Pat Warner has also published a couple fo good books on routers and jigs


----------



## rileytoolworks (29 May 2008)

Thanks for the feedback. Anyone got any thoughts about the height adjustment?
I'm being spoiled at work with a super accurate spindle moulder, making me jealous!
Chems, whereabouts are you then?


----------



## Chems (30 May 2008)

In a village a little outside of Daventry. Whereabouts are you?


----------



## rileytoolworks (30 May 2008)

Hi Chems. I'm in Kettering (for my sins!). I used to build narrowboats in Weedon! Small world!
What line of work are you in?


----------



## rileytoolworks (30 May 2008)

Steve, do you have any pictures of your fence?


----------



## compo (2 Jun 2008)

Hey Riley

How about using a car scissor jack for the height adjuster? You'll need to attach it to the router somehow and find a way to secure the crank handle so it doesn't vibrate, but that should be easy enough.

Nice fence, btw


----------



## Chems (3 Jun 2008)

Im in the fire line of work.

Kettering isnt so bad at all, could be worse, could be in corby! I take it you work in the wood industry?


----------



## rileytoolworks (3 Jun 2008)

Hi chems. You mean you're a firefighter, or an arsonist?!
Yes, I work for a bespoke furniture company, specialising in kitchens.
I used to build narrow boats, and I have to say, as job satisfaction goes, it was tops...
Compo, thanks for the idea. Ive heard of that before. I just wonder what the accuracy would be like? I'm toying with the idea of saving up for a 'router raizer'.
Has anyone got or used one of these?


----------



## Steve Maskery (3 Jun 2008)

Hi Riley

This is mone:
















A couple of tips:
Make sure that the cutout around the cutter haseasy edges, so that sawdust does not get trapped - you want it flying up, up and away, nit getting stuck in corners.
Be careful where you put knobs and levers. Mine has a couple of extraneous holes because I first put them in daft places.

Cheers
Steve


----------



## rileytoolworks (3 Jun 2008)

Thanks Steve. That's a solid looking fence.
What kind of accuarcy can you achieve with the threaded adjuster? What tpi is it? (I'm presuming it's threaded stud).


----------



## Steve Maskery (3 Jun 2008)

It's a length of M6, so one rev is 1.0mm.
The Bristol lever makes it easy to see how far I've turned. Thinking of a clock, 6 mins is 0.1mm. Fine enough for me.
S


----------



## rileytoolworks (3 Jun 2008)

Thanks Steve. I like the fact you've made it look good too.
Where I work, people mock me for making my jigs functional and good looking!


----------



## rileytoolworks (3 Jun 2008)

Steve.
Sorry to pick your brains. Are those wooden t-tracks on the backs of your sliding fences?


----------



## Steve Maskery (3 Jun 2008)

The upper fence slides over the lower fence on diamond-shaped keys.
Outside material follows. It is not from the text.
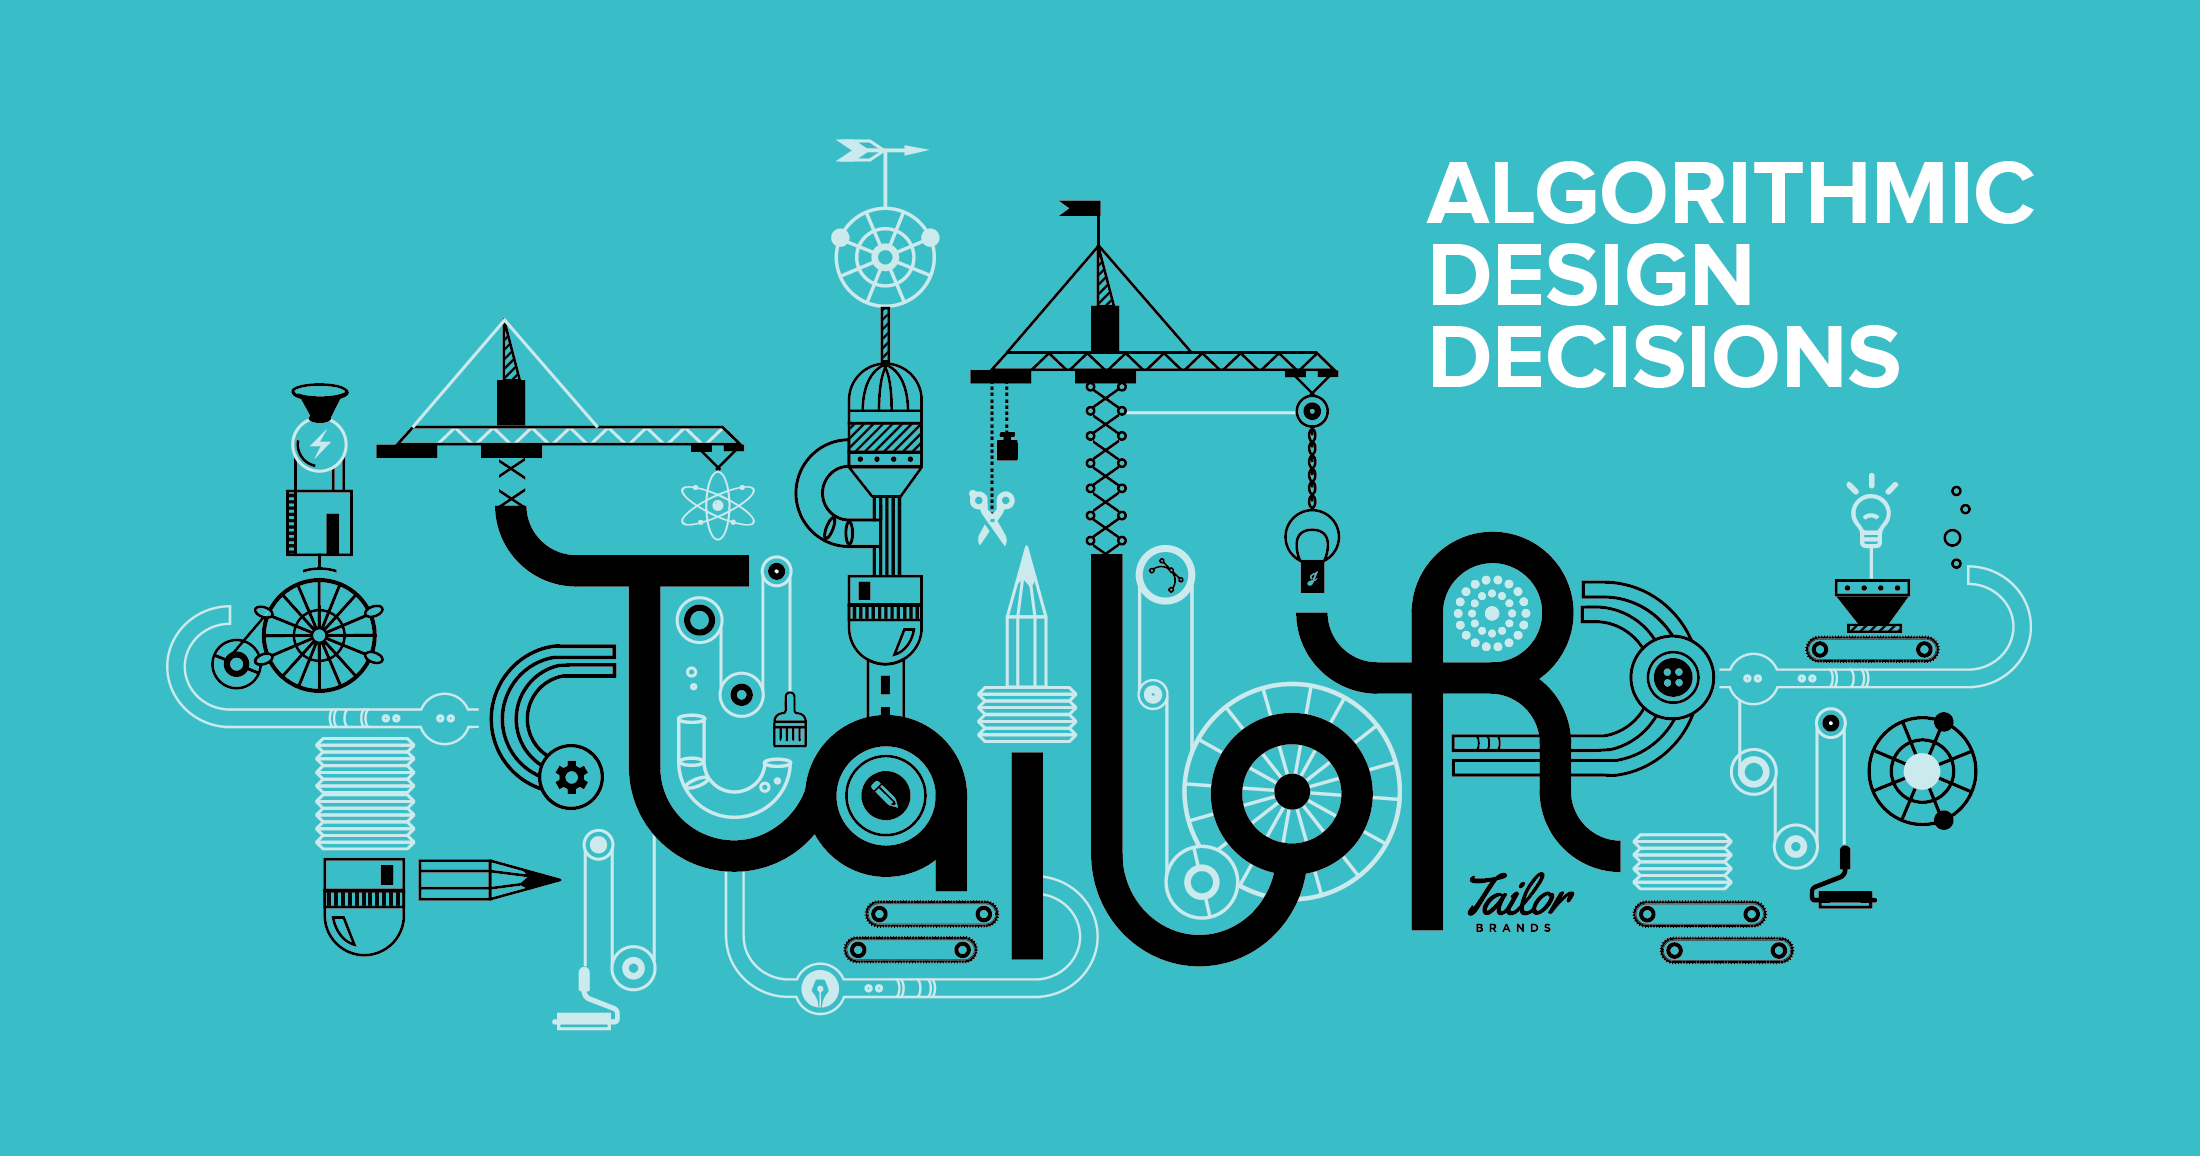 Blog Header Image for "Algorithmic Design Decisions"

The lower fence is adjusted coarsely over the table with slots through the table, and Bristol levers above with sliding nuts below.

If I were making it again I'd use ally t-track instead of the slots, but only because the the slots allow sawdust to drop through into my top drawer, which holds spanners and stuff.

I have a horizontal router mounted on the left side of the cabinet. I don't use it often, but when I need it, it's a godsend. See Bill Hylton's book_ Router Magic._

Cheers
steve


----------



## rileytoolworks (3 Jun 2008)

Wow. Thanks for the concise answers.


----------



## Chems (3 Jun 2008)

Thats such a fantastic design! 

Riley, I am the Fire Starter. You'll have to tell me where you work an I'll drop in sometime, got another member for the Northampton massive.


----------



## rileytoolworks (3 Jun 2008)

I work in Market Harborough now. Keeping my eyes and ears open for more opportunities though (until the day I finally go self employed!)
Maybe we should wear a pink rose and meet at Northampton train station!!! :?


----------



## Chems (3 Jun 2008)

Thats about the only way to get into Northampton at the moment as every single road is undergoing road works!


Back to the topic at hand, are those hand drawn designs?


----------



## compo (4 Jun 2008)

> Thinking of a clock, 6 mins is 0.1mm. Fine enough for me.


That kinda slap dash attitude gets ua all a bad reputation, Steve!! :lol: 

But got to say the fence looks good, think I may have a new project the weekend...

To be honest Riley, the jack idea was suggested to me a while ago, but I haven't got round to trying it - tho I have got a jack and the thread looks lovely and fine. Just not sure about locking it all off and the posibility of vibrating loose. I've been looking around and nearly convinced myself to buy the unilift from Rutlands, at least it locks off properly.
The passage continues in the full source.